— Task to complete —
Copying rule for the data below: take the line containing "Man in black" and every line after it to the end, exactly, and drop all pictures.
------ Data provided ------
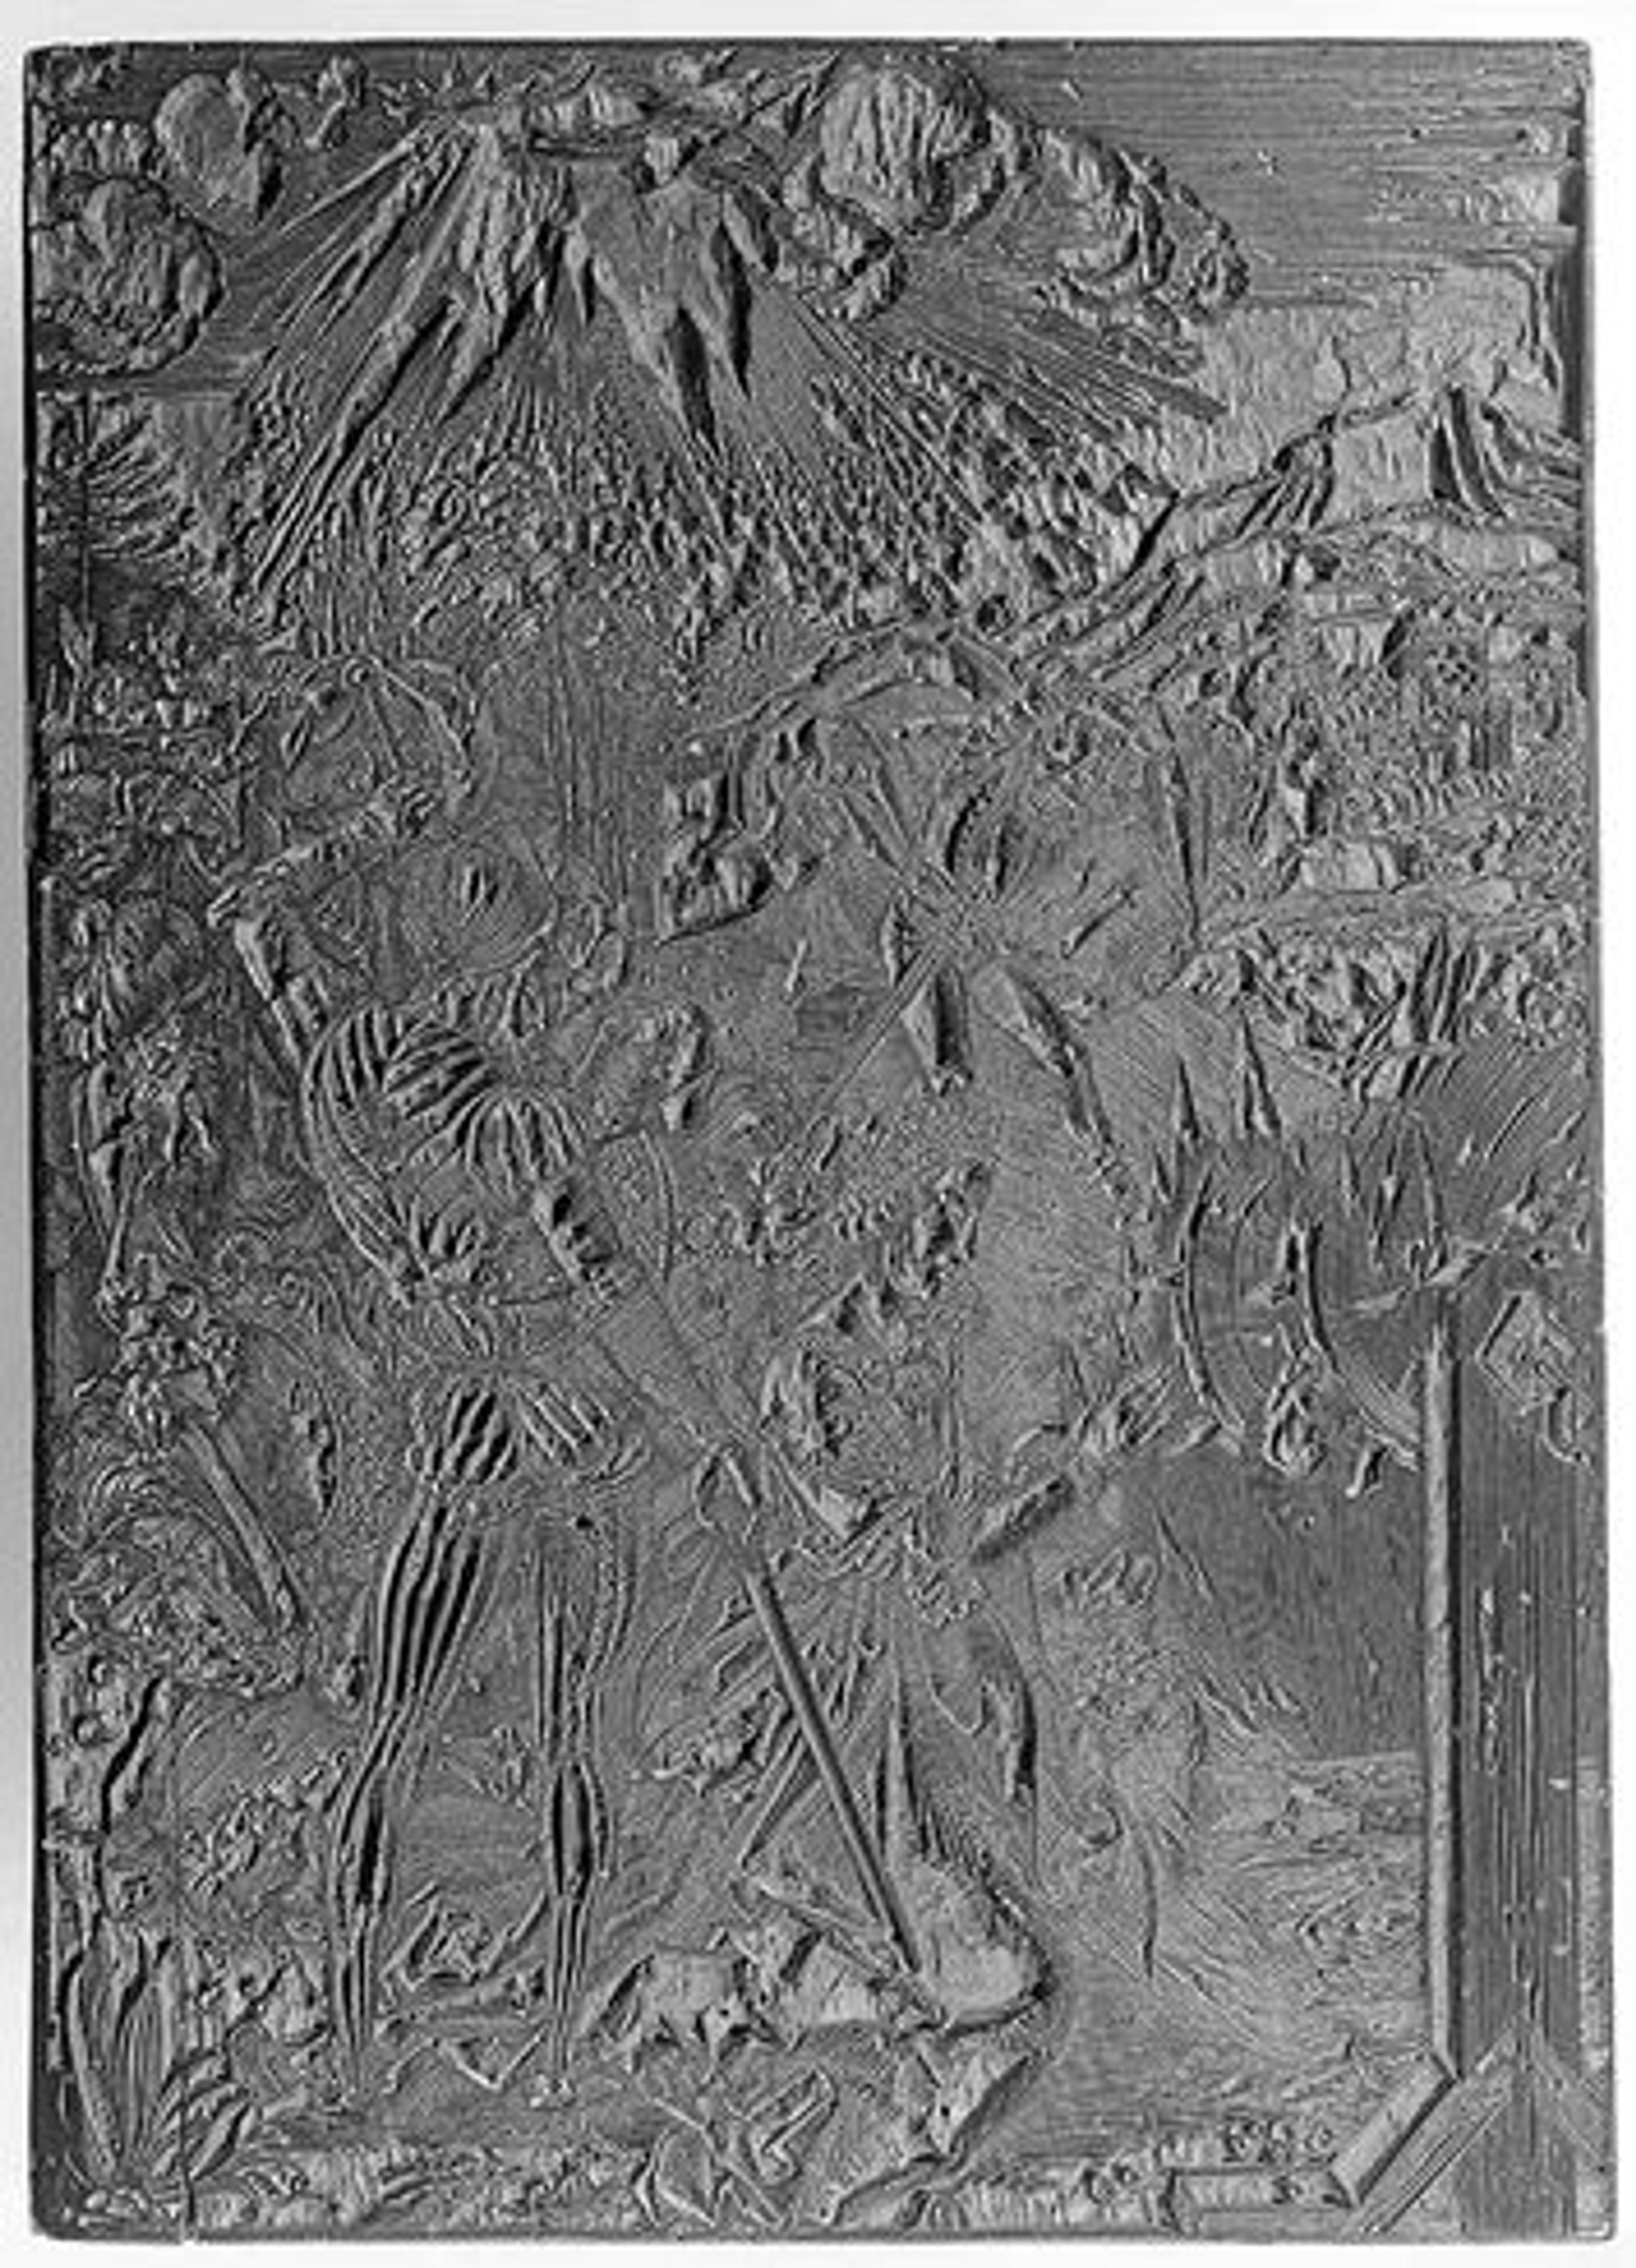 Surface of a dark wood block textured with the engraved lines used to create the woodblock print
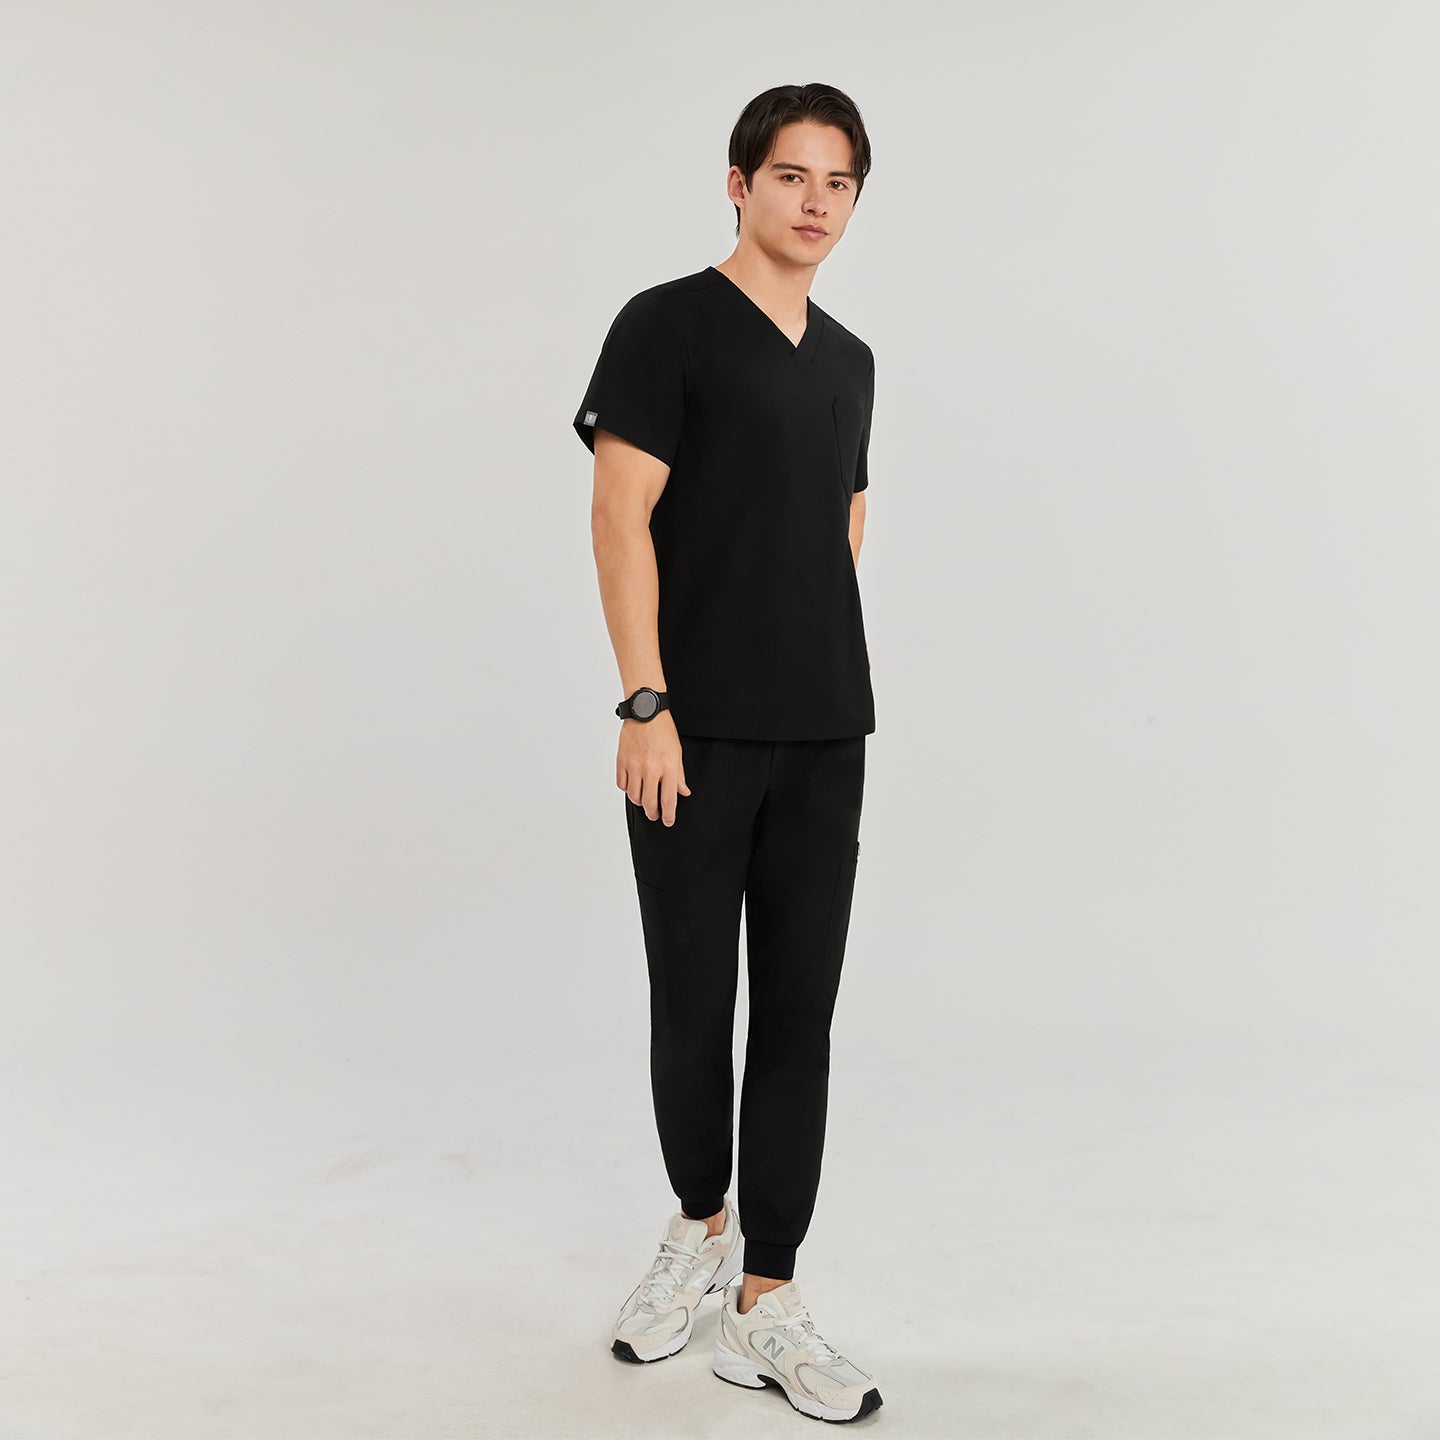 Man in black Zenir scrub top with chest pocket, standing and looking at the camera, full-body view,Black
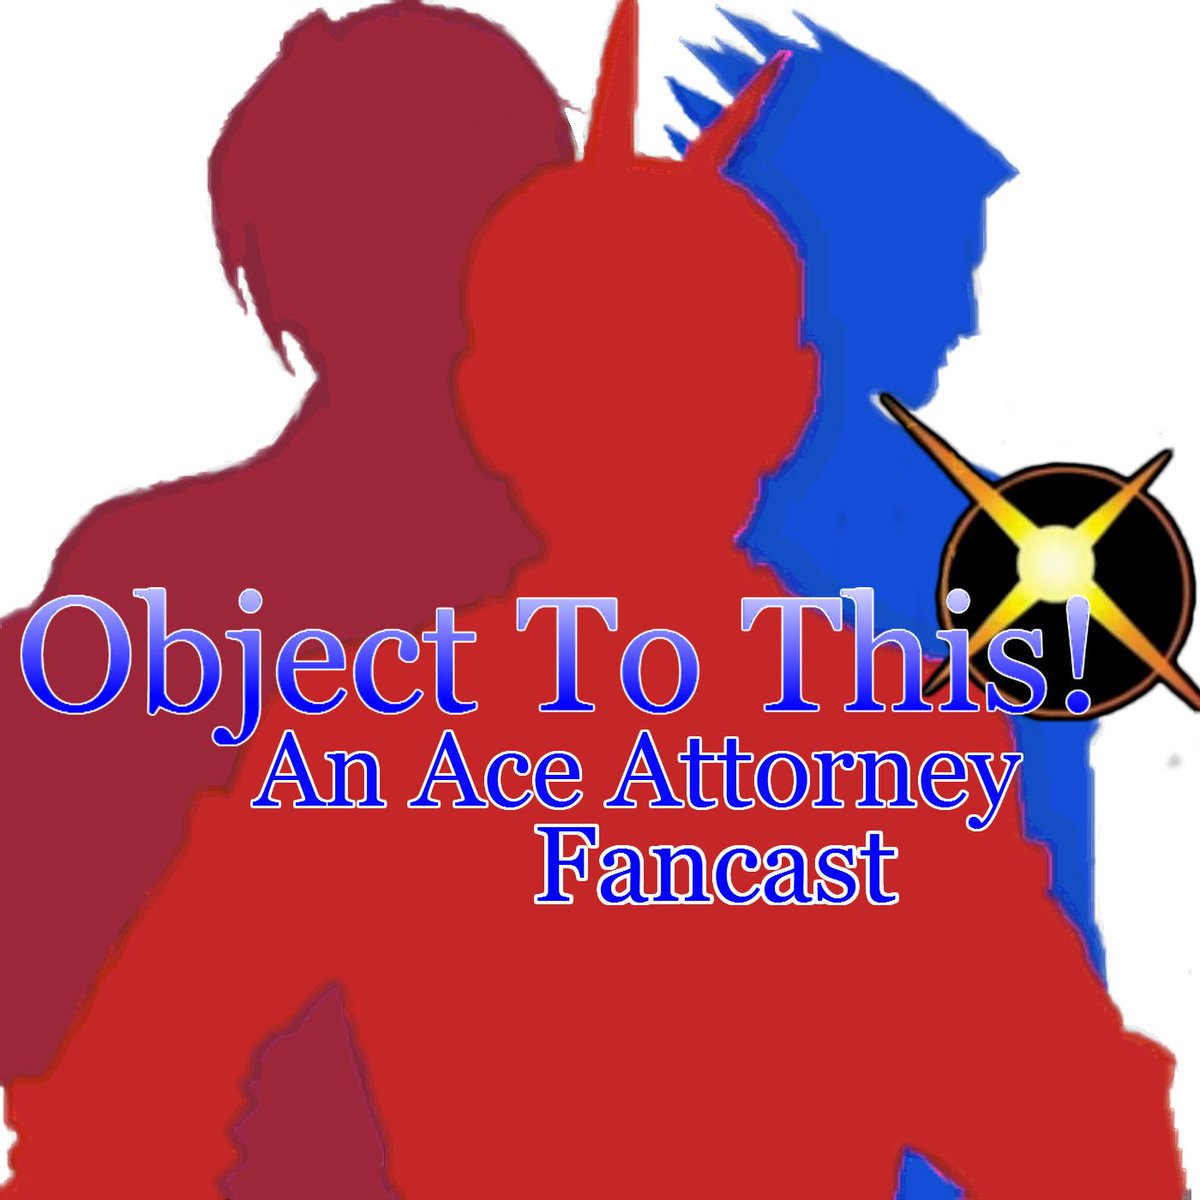 A personal favourite of mine is the Object to This podcast. They've been going strong for over seven years, and hosts Stephanie and Michelle go super in-depth on all things Ace Attorney.
------
— Expected answer —
 Man in black Zenir scrub top with chest pocket, standing and looking at the camera, full-body view,Black
 A personal favourite of mine is the Object to This podcast. They've been going strong for over seven years, and hosts Stephanie and Michelle go super in-depth on all things Ace Attorney.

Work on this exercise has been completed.